To me it would seem that the industry is going the opposite way, and doubling down on RTMP.
An RTMP connector is planned on the Chime SDK as well (a framework & infrastructure based on Chime to create your own custom meetings), to be able to stream the meeting directly to ingest service (like IVS/Elemental).
On the AWS side at least, there doesn't seem to be a plan to migrate from RTMP, as it seems that services are being launched that only supports it.
On a sidenote, the official AWS recommended way to stream a Chime SDK meeting to IVS, is to use this[0] docker container, acting as a bridge between WebRTC & RTMP. I find the hackiness of it amazing, as it's mostly just an X11 framebuffer, an instance of Firefox loading the webview for the meeting, and ffmpeg capturing the framebuffer and sending it as an RTMP stream to the configured endpoint.

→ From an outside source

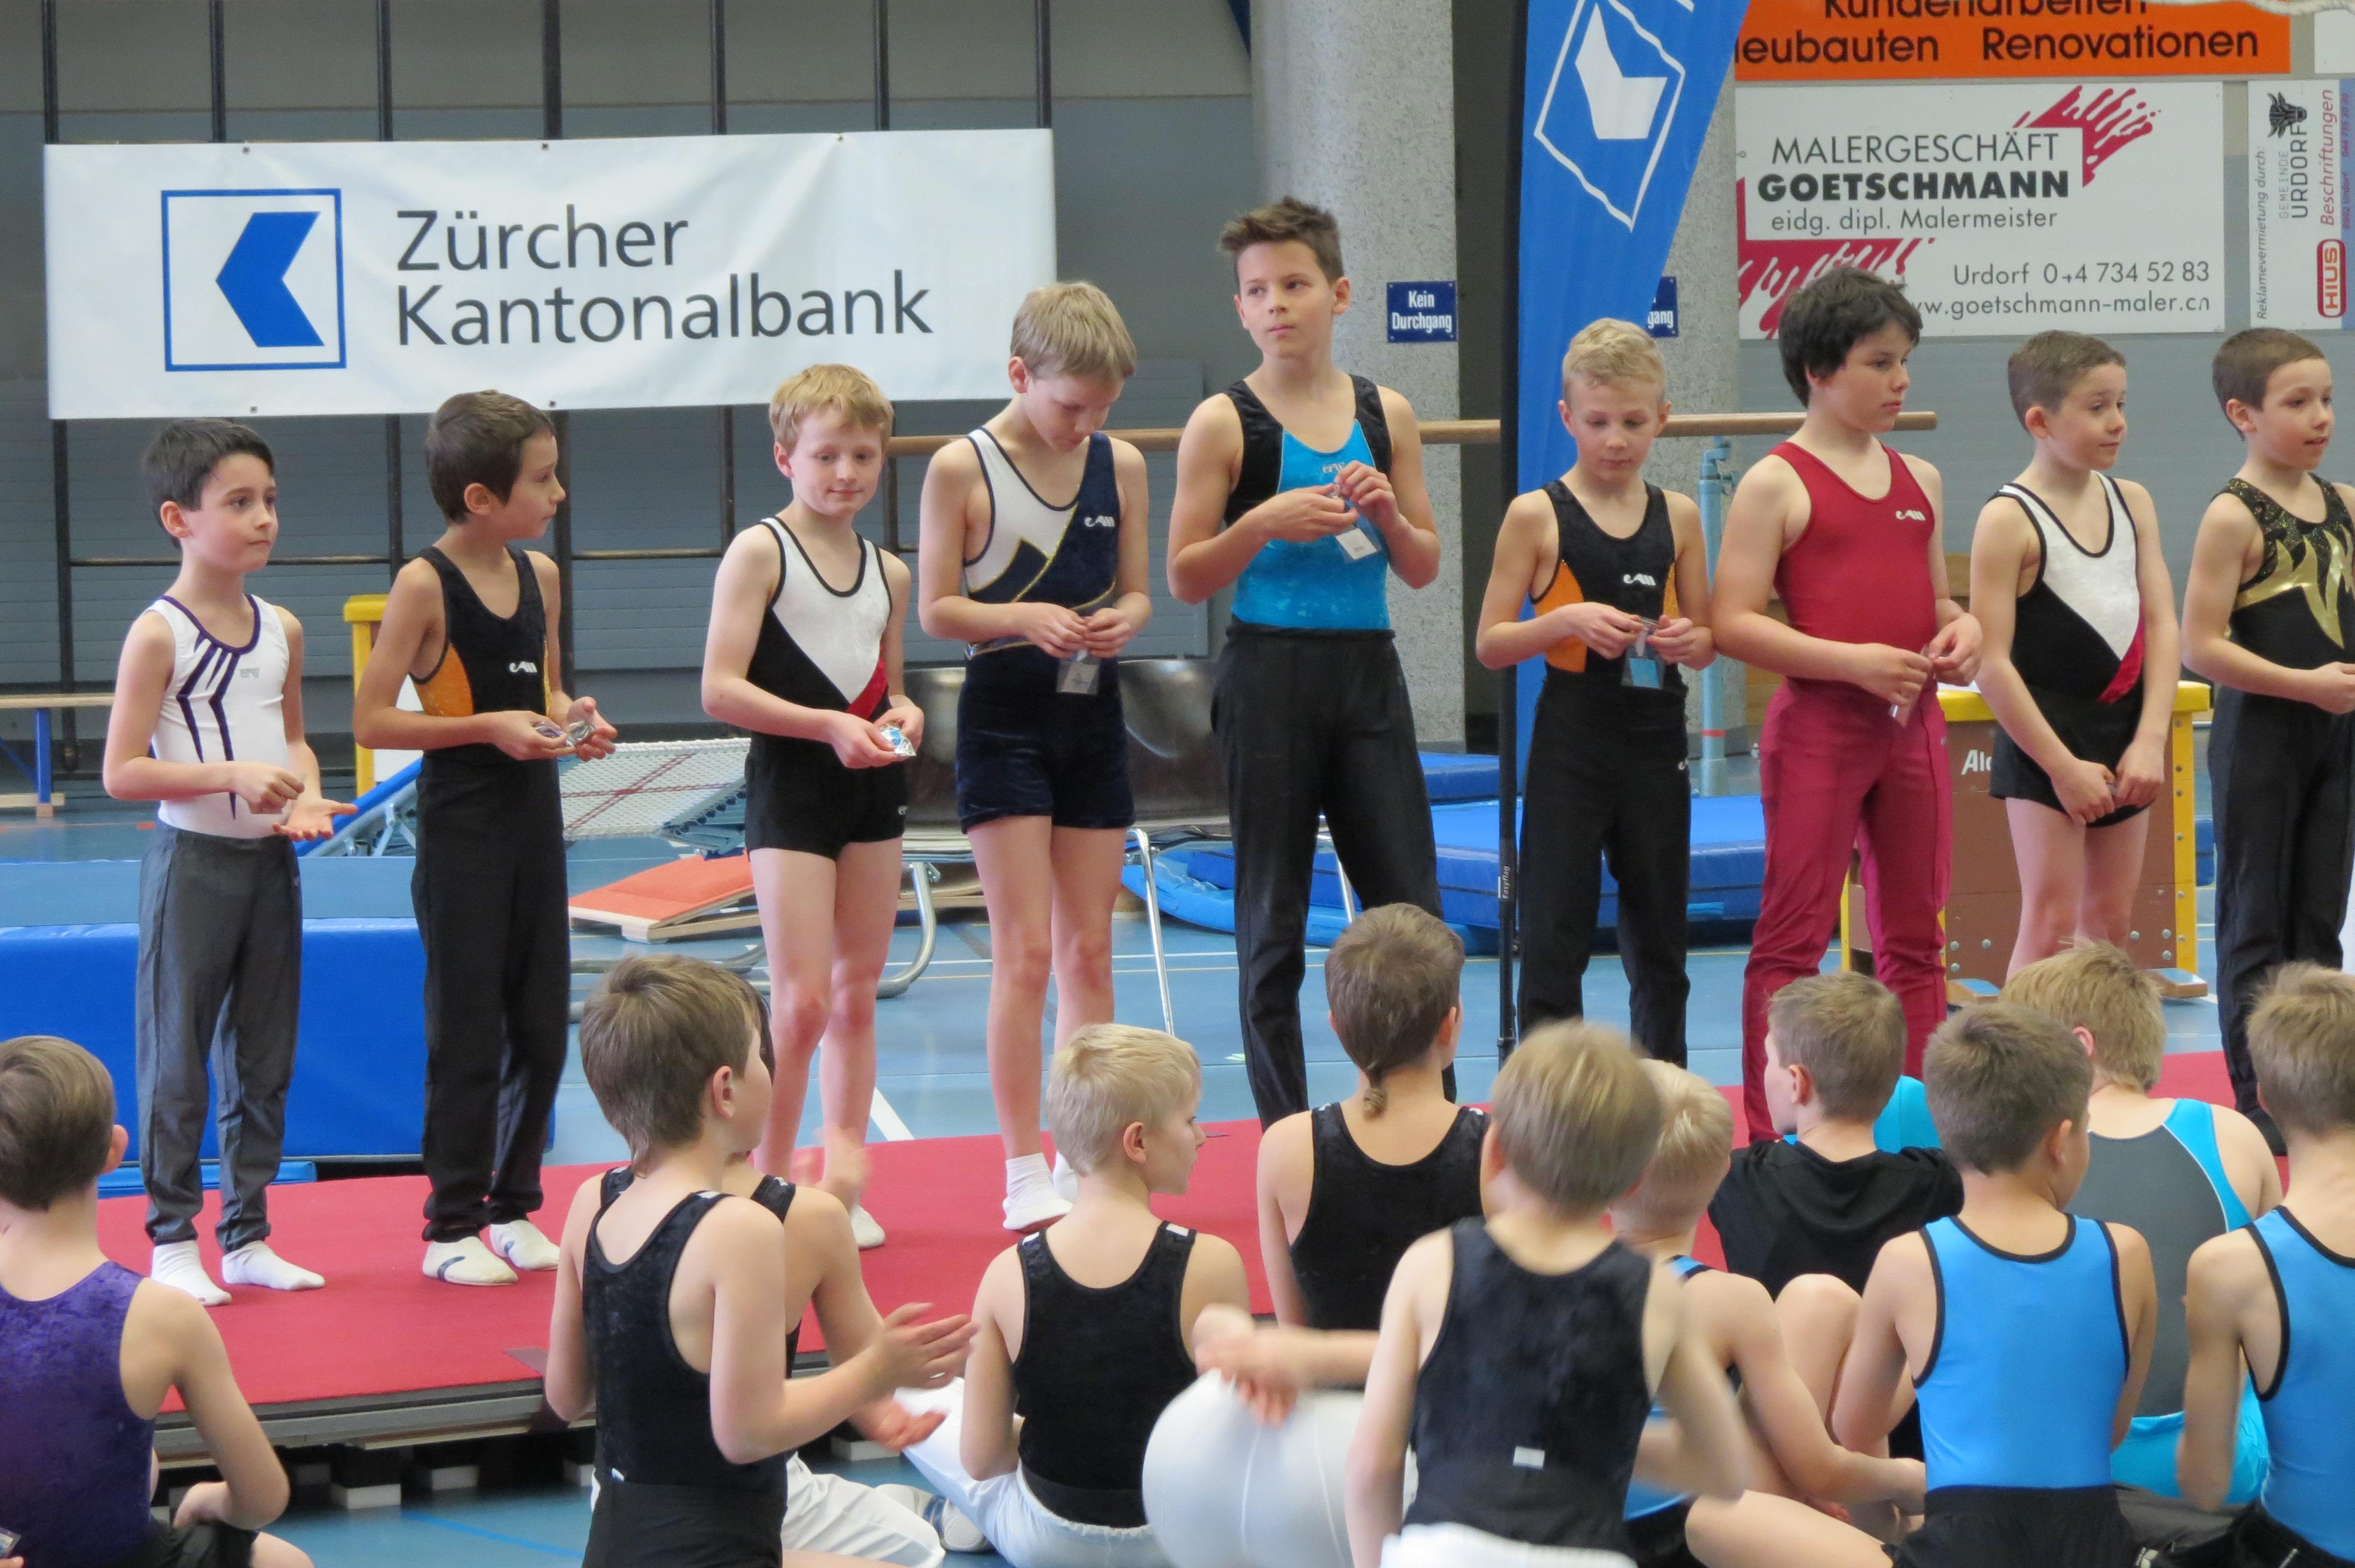 Frühlingswettkampf GETU 2015 Urdorf

Also, AWS IVS as a streaming platform is really impressive. It's a fully managed service, and out of the box you get around 4-5s of latency between the source and the player, with an upper limit of 1080p60 @8.5Mbps. It will also downsample the stream to 720p, 480p, 360p & 160p.
In a similar vein, Jitsi's video recording solution is pretty much the same thing[0].
>It works by launching a Chrome instance rendered in a virtual framebuffer and capturing and encoding the output with ffmpeg. It is intended to be run on a separate machine (or a VM), with no other applications using the display or audio devices. Only one recording at a time is supported on a single jibri.
We are severely lacking stand-alone webRTC implementations - the best implementation is in the Chrome codebase.
> out of the box you get around 4-5s of latency between the source and the player
In the world cup in 2018 I was watching an RTP feed direct from the IBC in Moscow on my desktop in VLC. The goal went in, and strangely I recognised it was a goal for England (I don't really do football). Window was open, and I cheered.
A few seconds later the neighbours cheered - they were watching it on TV.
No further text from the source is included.